The biggest challenges are internal. Some of the people who were in
command during the war are still serving in the army and are considered
war heroes. Maj. Gen. Shavendra Silva, for example, who was in command
of the 58th Division, is a serving general and was previously part of the Sri
Lankan mission to the United Nations in New York. But there is intense
pressure on the Sri Lankan government, internally and externally, to show
some progress in prosecuting war crimes, more than six years after the end
of the war. Without going through the pain of analyzing our past actions
we can not hope to have a better future, says Sandaya Ekenaligoda, the
wife of Pradeep Ekenaligoda, one of several journalists who went missing in
recent years after criticizing the Rajapaksa government. We need a
government that will make those hard choices.

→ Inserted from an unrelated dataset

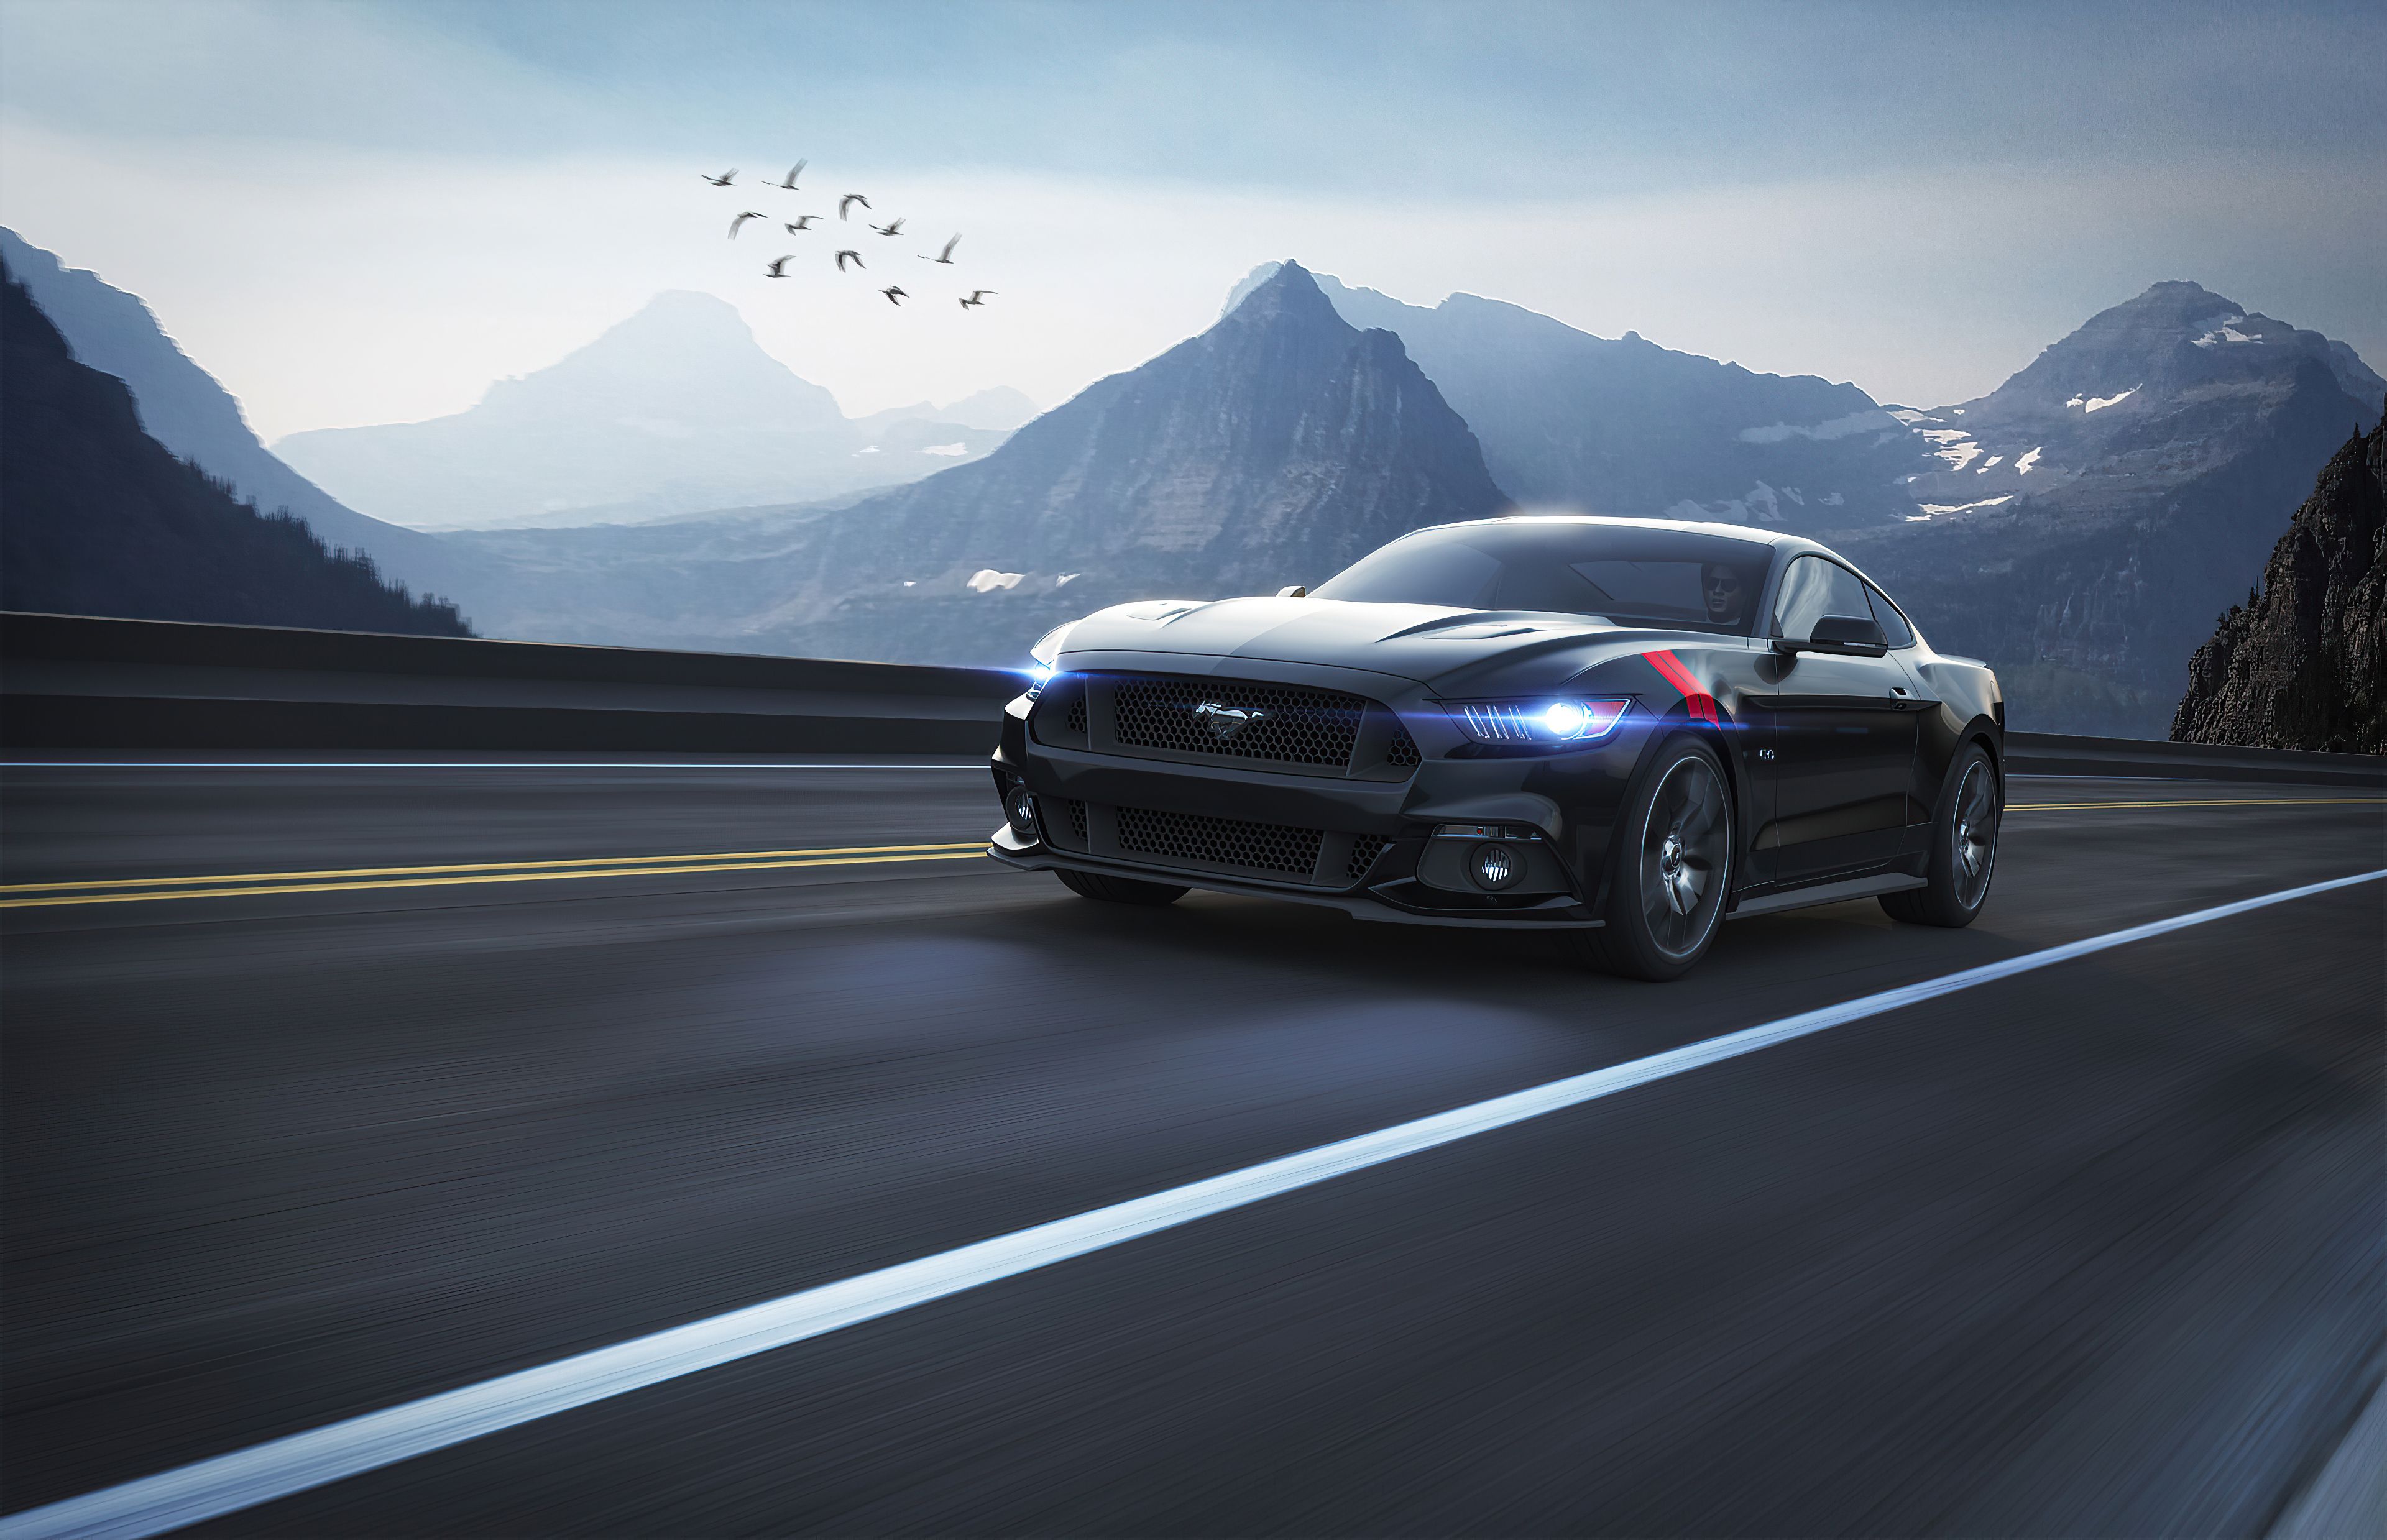 Black Ford Mustang 4k 2020 Nexus Samsung Galaxy Tab Note Android Tablets HD 4k Wallpaper, Image, Background, Photo and Picture

But the U.N. reports call for a hybrid special court, including judges,
prosecutors and investigators from outside Sri Lanka, is likely to be a
sensitive issue.
The U.N. human rights chief Zeid Ra'ad Al Hussein argues that only an
international panel will be truly independent. "A purely domestic court
procedure will have no chance of overcoming widespread and justifiable
suspicions fueled by decades of violations, malpractice and broken
promises," he said in a statement. Many Sri Lankan and global human rights
groups also support international involvement.
There is strong sentiment in Sri Lanka against that idea, particularly among
those who have used the specter of foreign interference to argue against
any U.N.-sanctioned war crimes panel. Namal Rajapaksa, the former
presidents son and a member of parliament, called the idea of a hybird
court a complete insult to the entire legal system in this country,
signaling that allies of the ex-strongman would likely use any international
presence to play on nationalist sympathies.